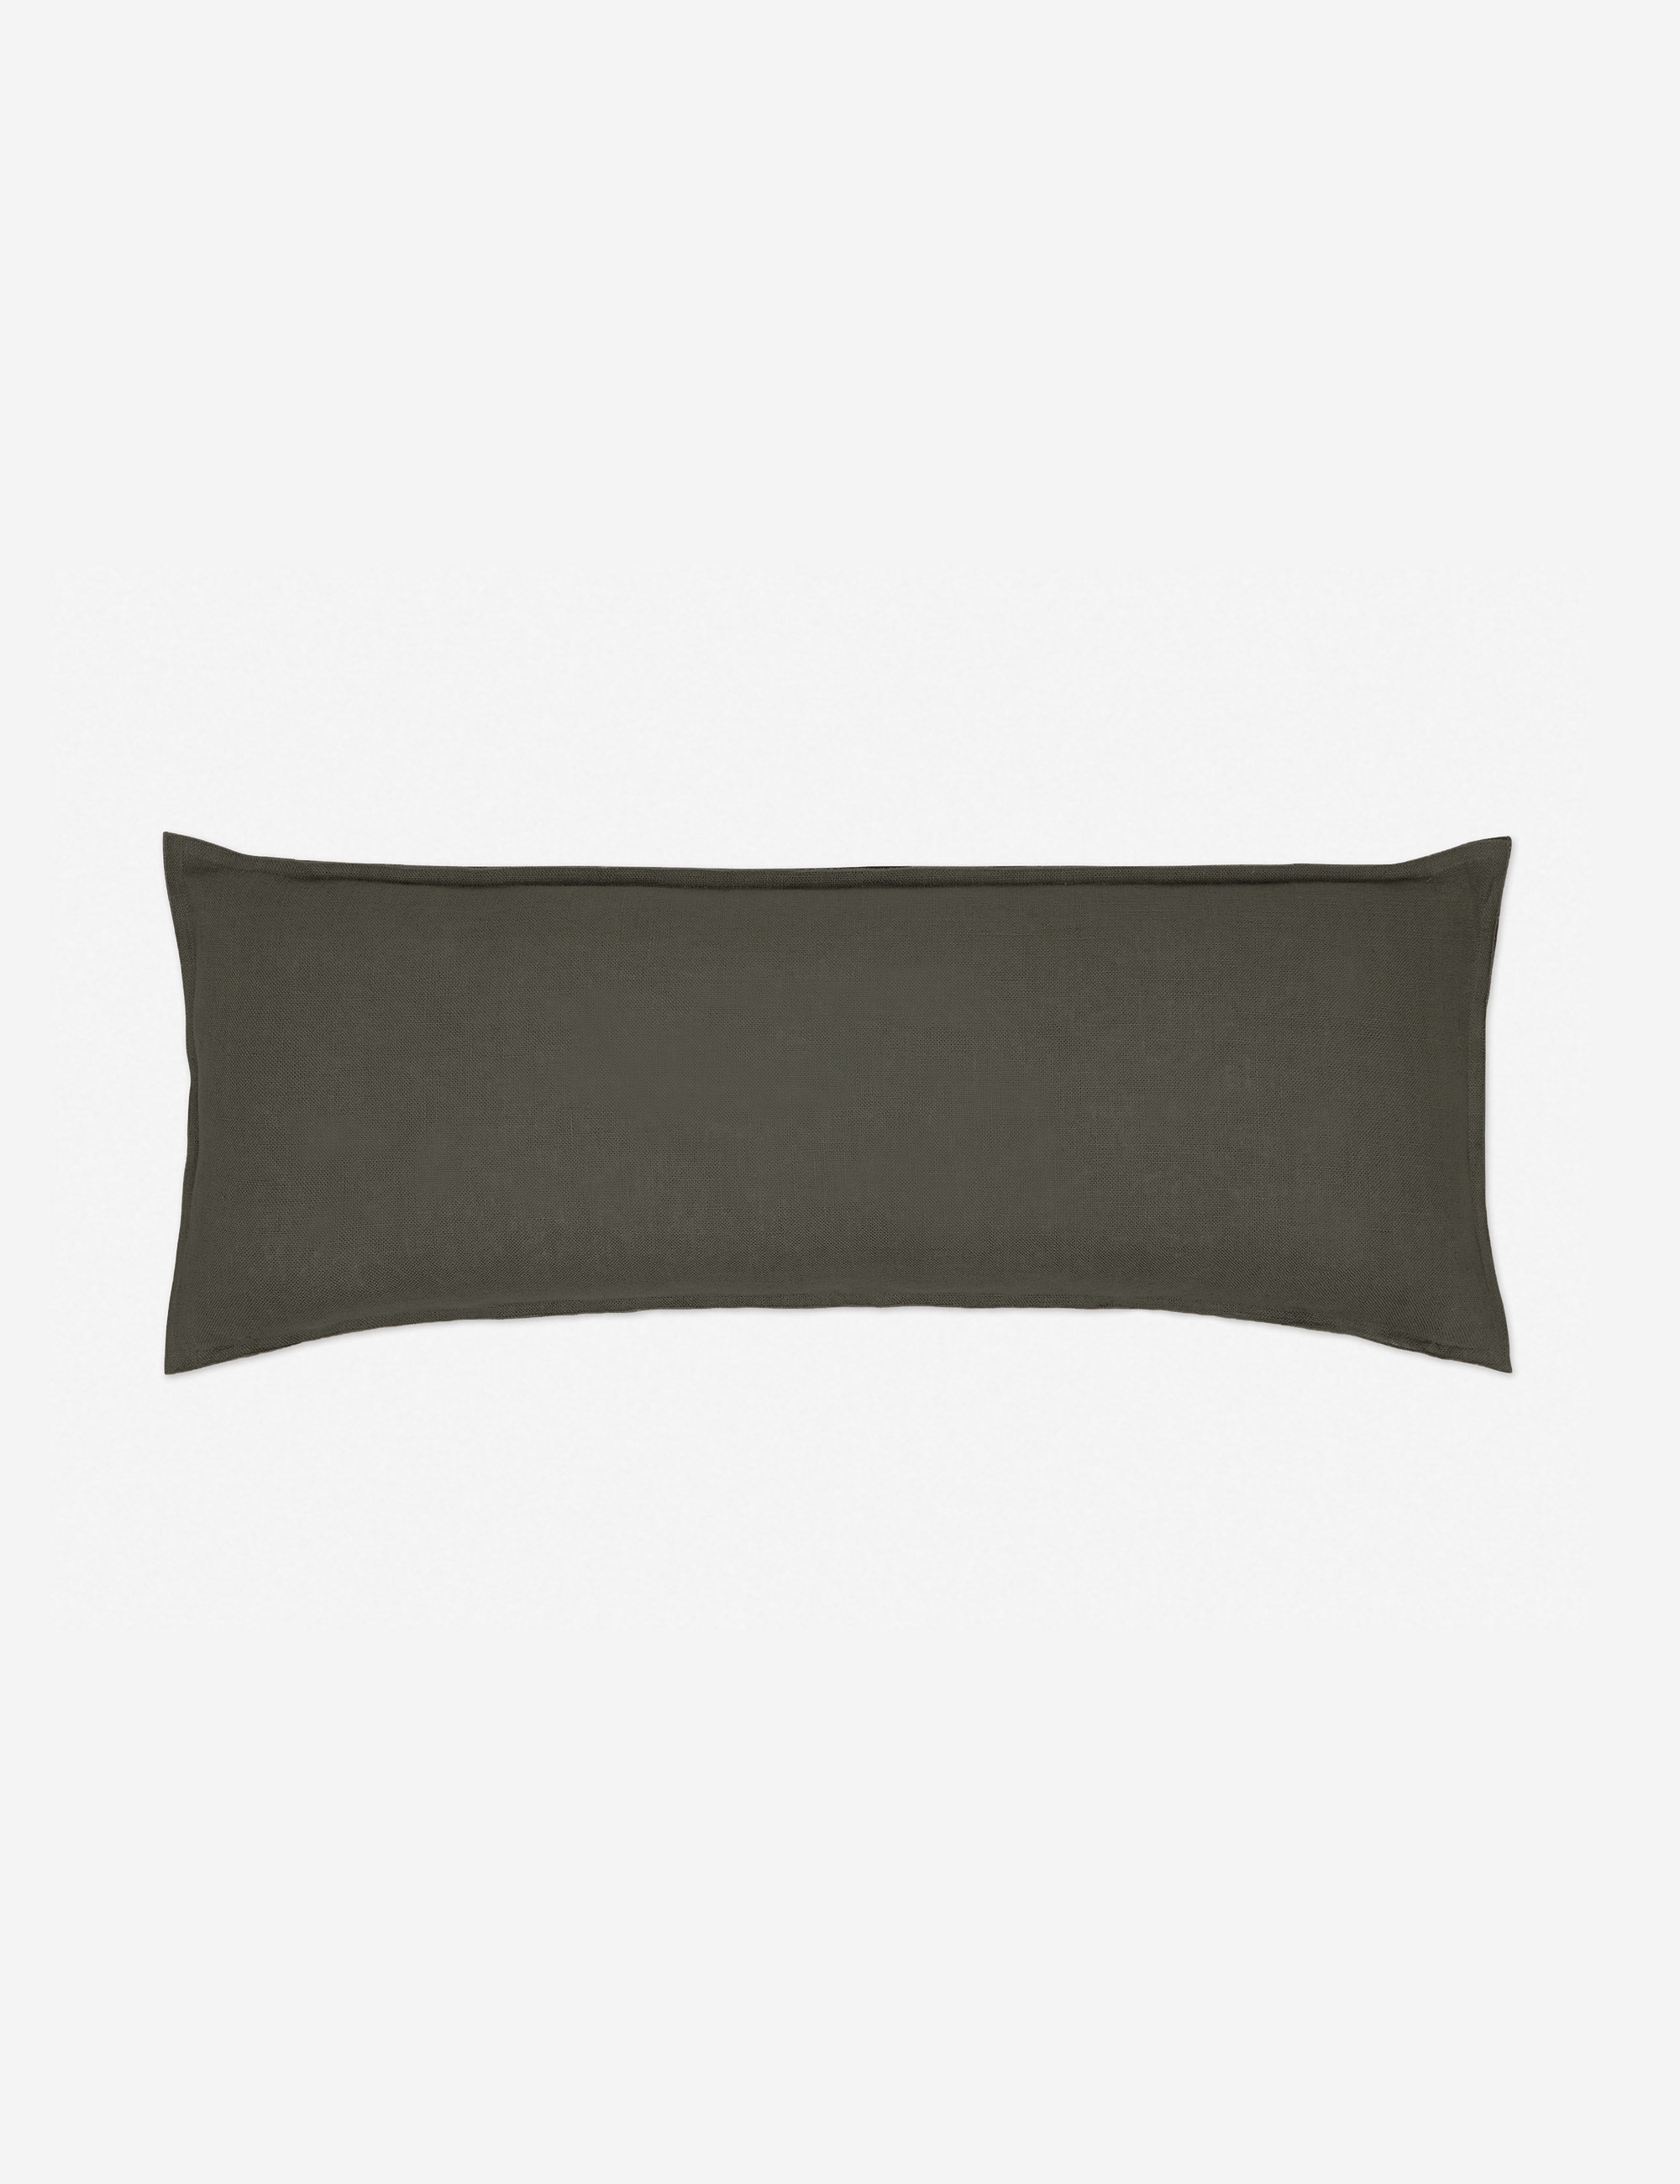 Arlo Linen Long Lumbar Pillow, Conifer - Image 2
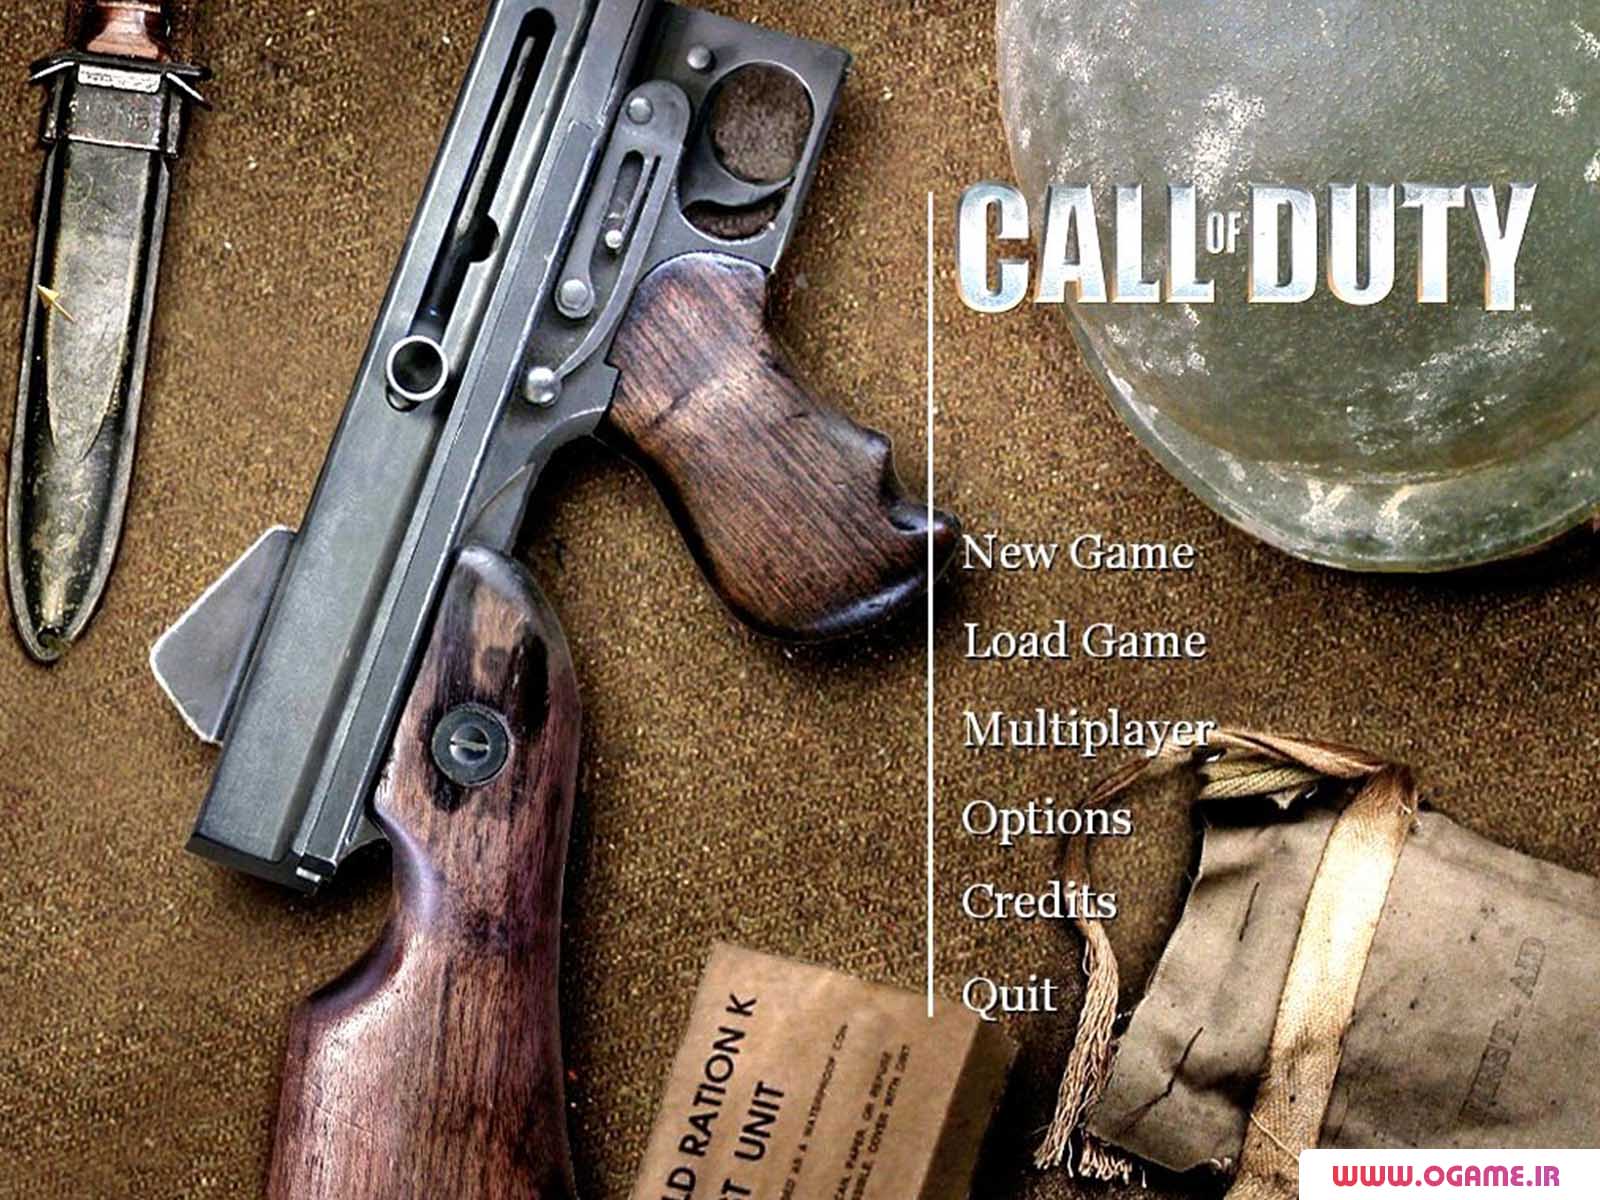  دانلود بازی ندای وظیفه 1 (Call of Duty) نسخه کامل
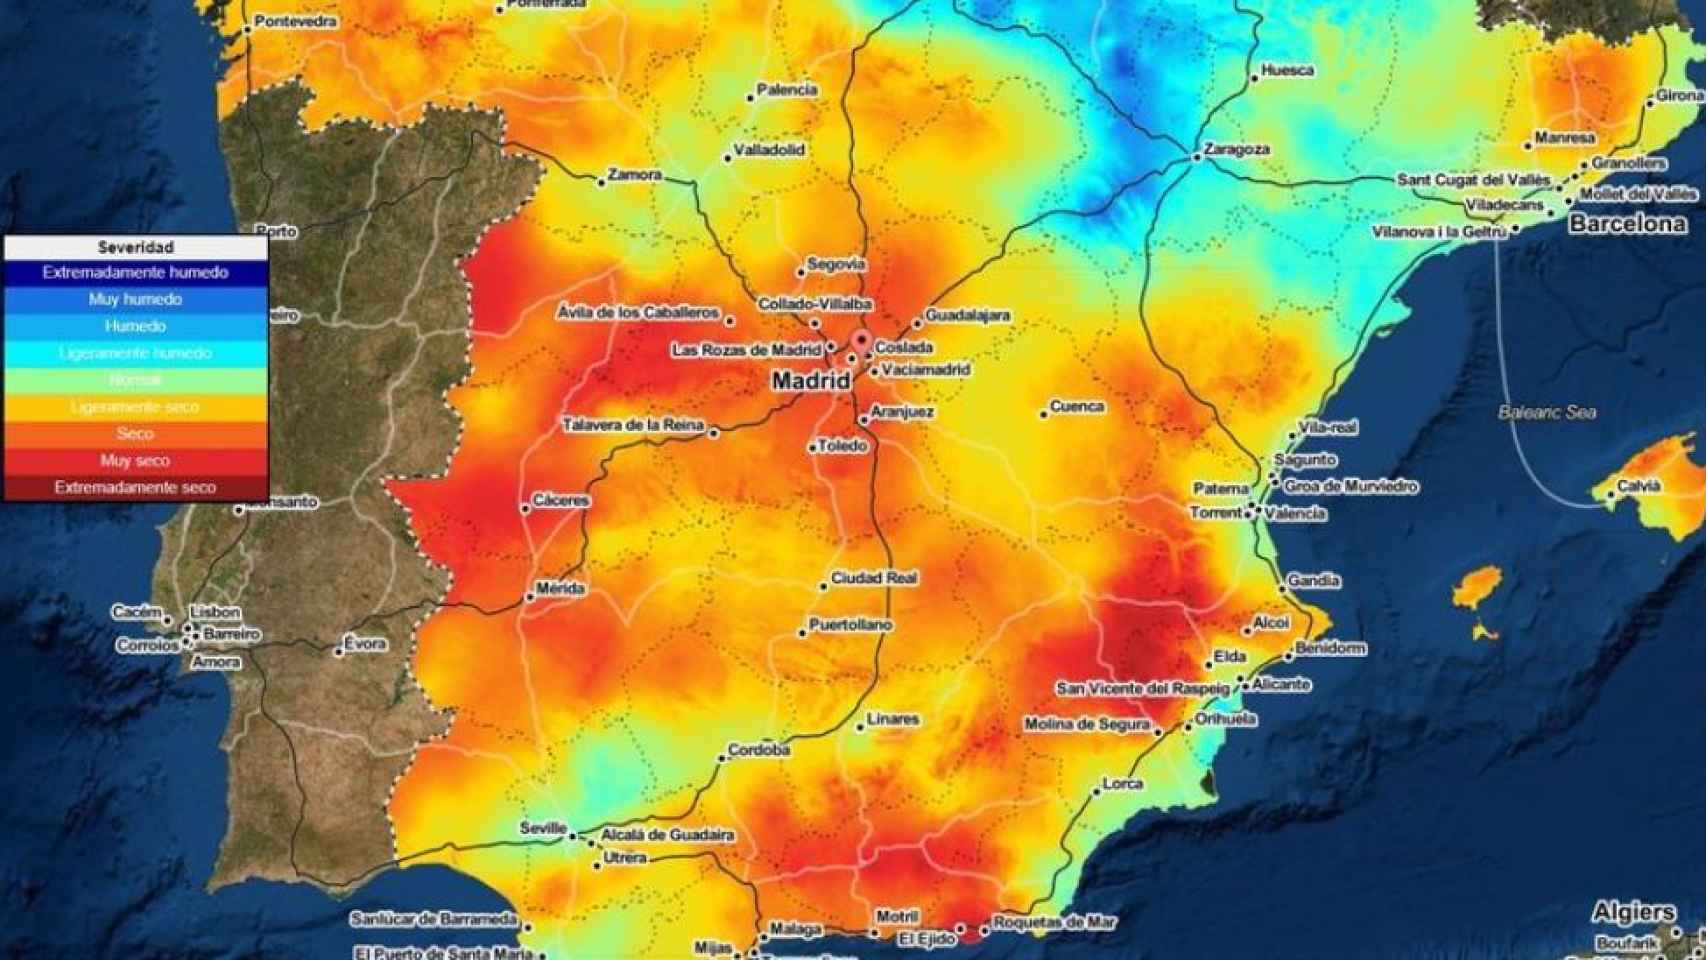 El SPEI muestra la severidad de la sequía meteorológica a partir de la precipitaciín y la demanda de agua por parte de la atmósfera. (Imagen: Meteored)

- **What you need to do**
Leaving the pictures out, output each line of the listing exactly.

- **Result below**
 Arlo Linen Long Lumbar Pillow, Conifer - Image 2
  دانلود بازی ندای وظیفه 1 (Call of Duty) نسخه کامل
 El SPEI muestra la severidad de la sequía meteorológica a partir de la precipitaciín y la demanda de agua por parte de la atmósfera. (Imagen: Meteored)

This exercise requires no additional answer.